TASK INSTRUCTIONS
Nothing in the data should change when you return it, but leave the pictures out.
___ EXERCISE DATA
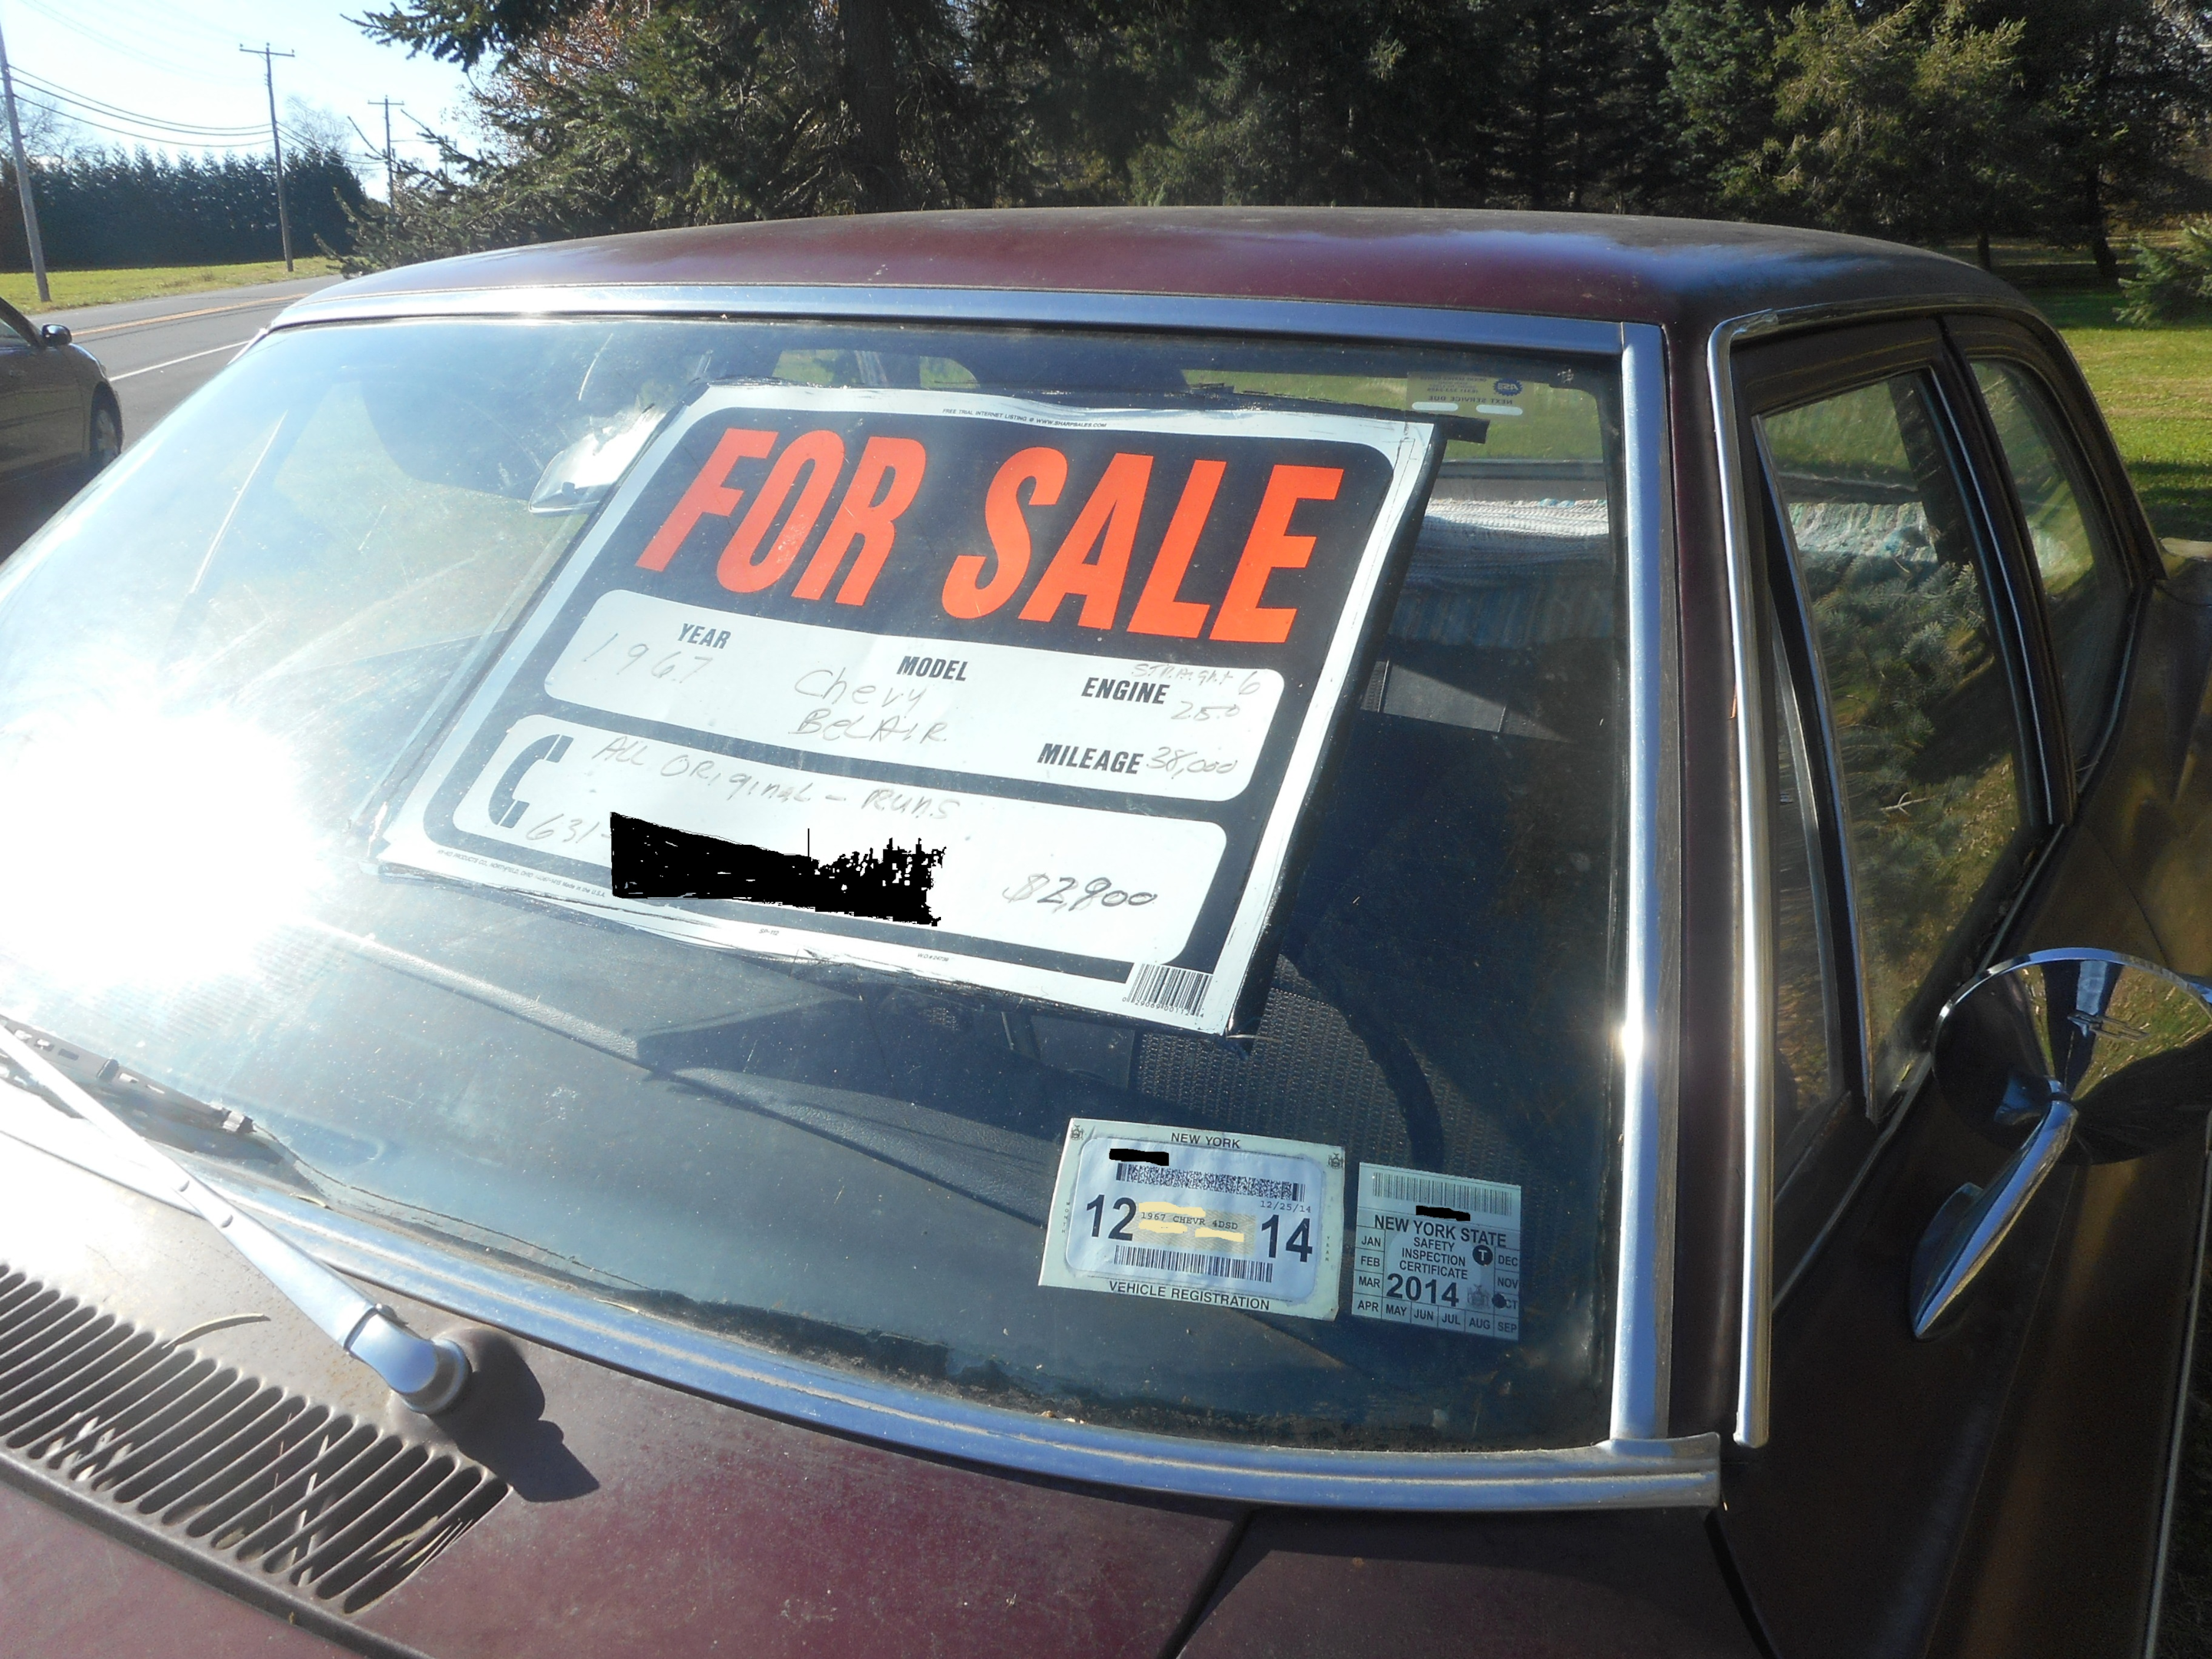 A car parked in front of a house with a "For Sale" sign on it
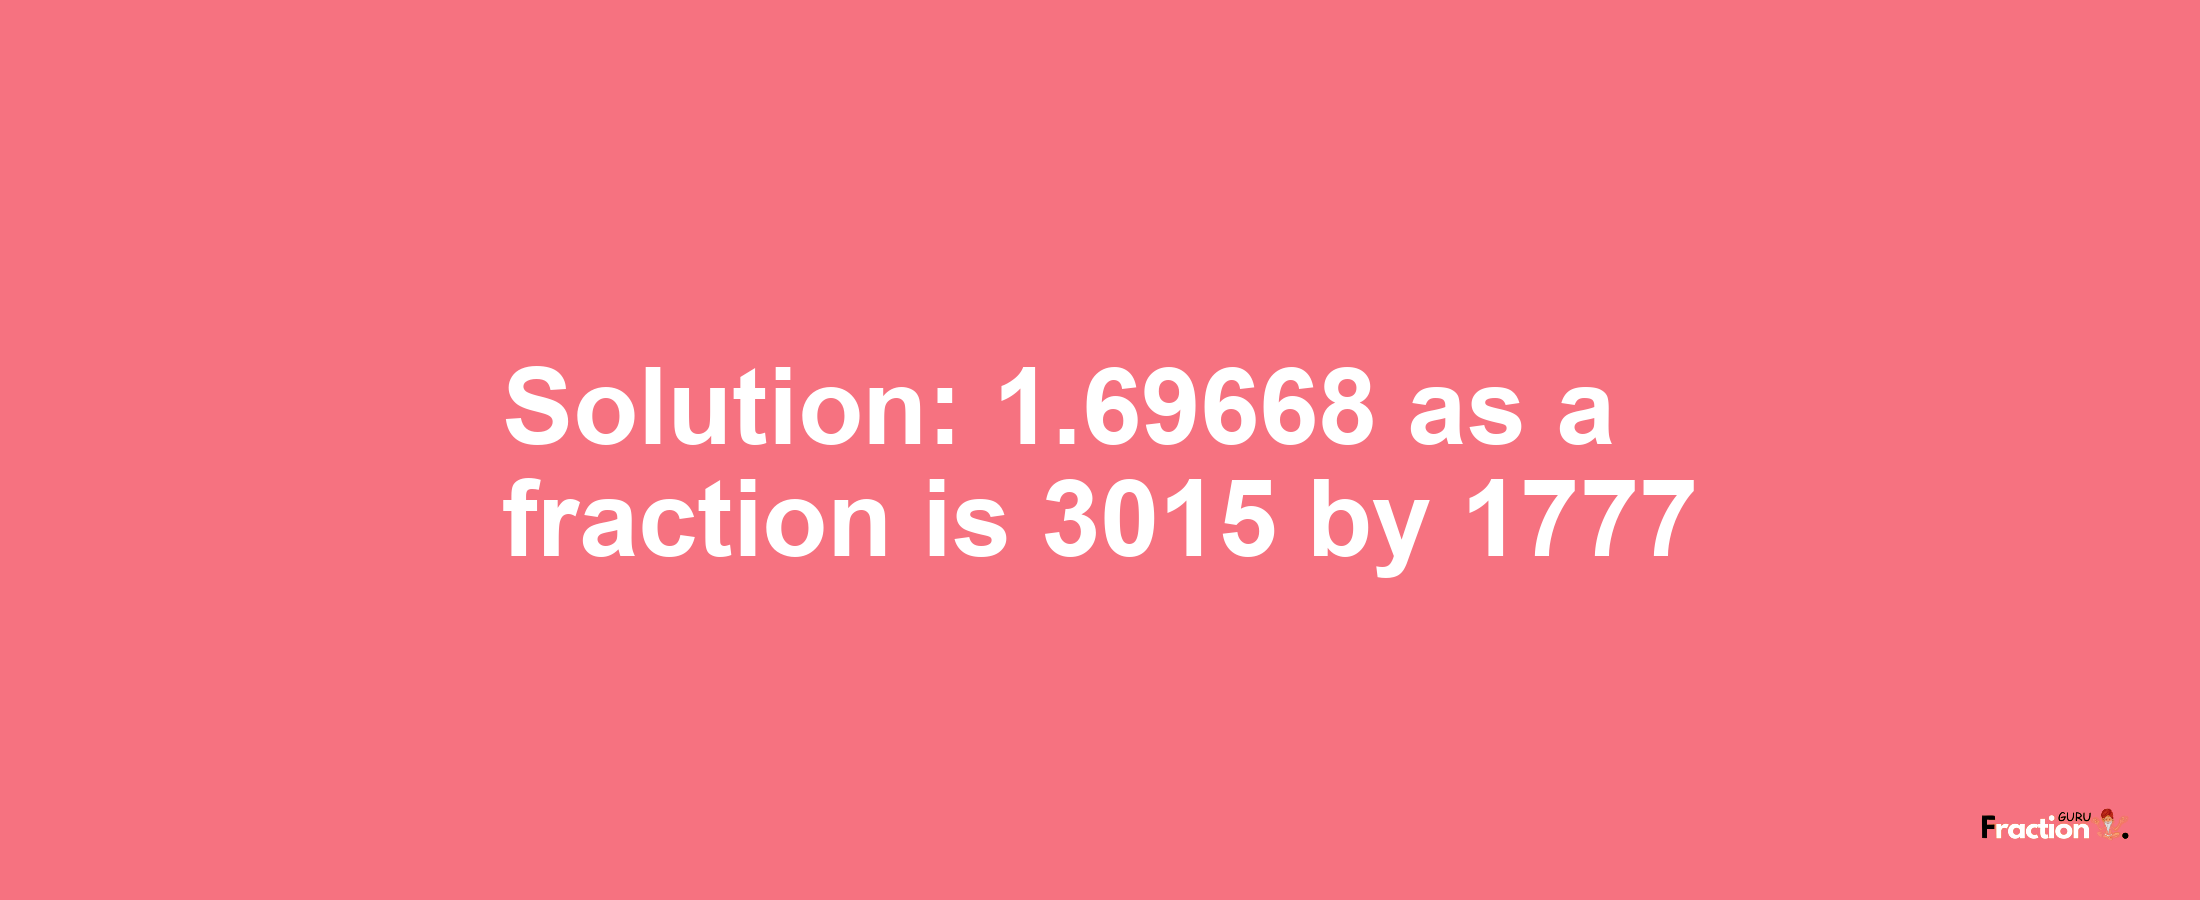 Solution:1.69668 as a fraction is 3015/1777
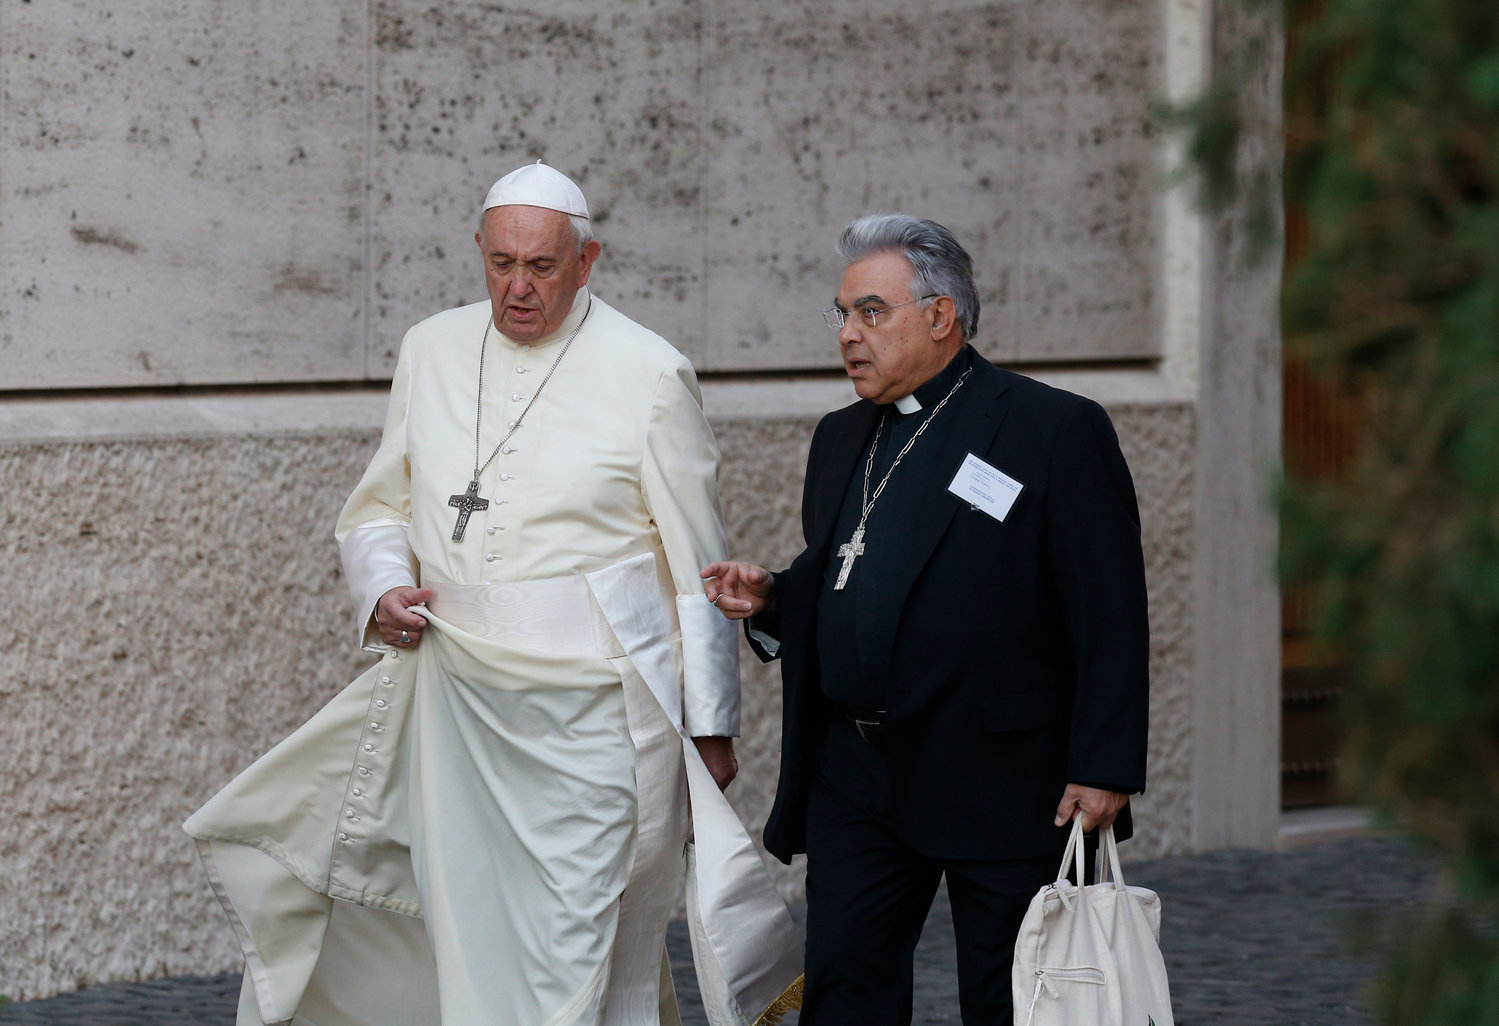 Pope Francis and Italian Bishop Marcello Semeraro of Albano arrive for a session of the Synod of Bishops for the Amazon at the Vatican Oct. 15, 2019.
______
SOLUTION
 A car parked in front of a house with a "For Sale" sign on it
 Solution:1.69668 as a fraction is 3015/1777
 Pope Francis and Italian Bishop Marcello Semeraro of Albano arrive for a session of the Synod of Bishops for the Amazon at the Vatican Oct. 15, 2019.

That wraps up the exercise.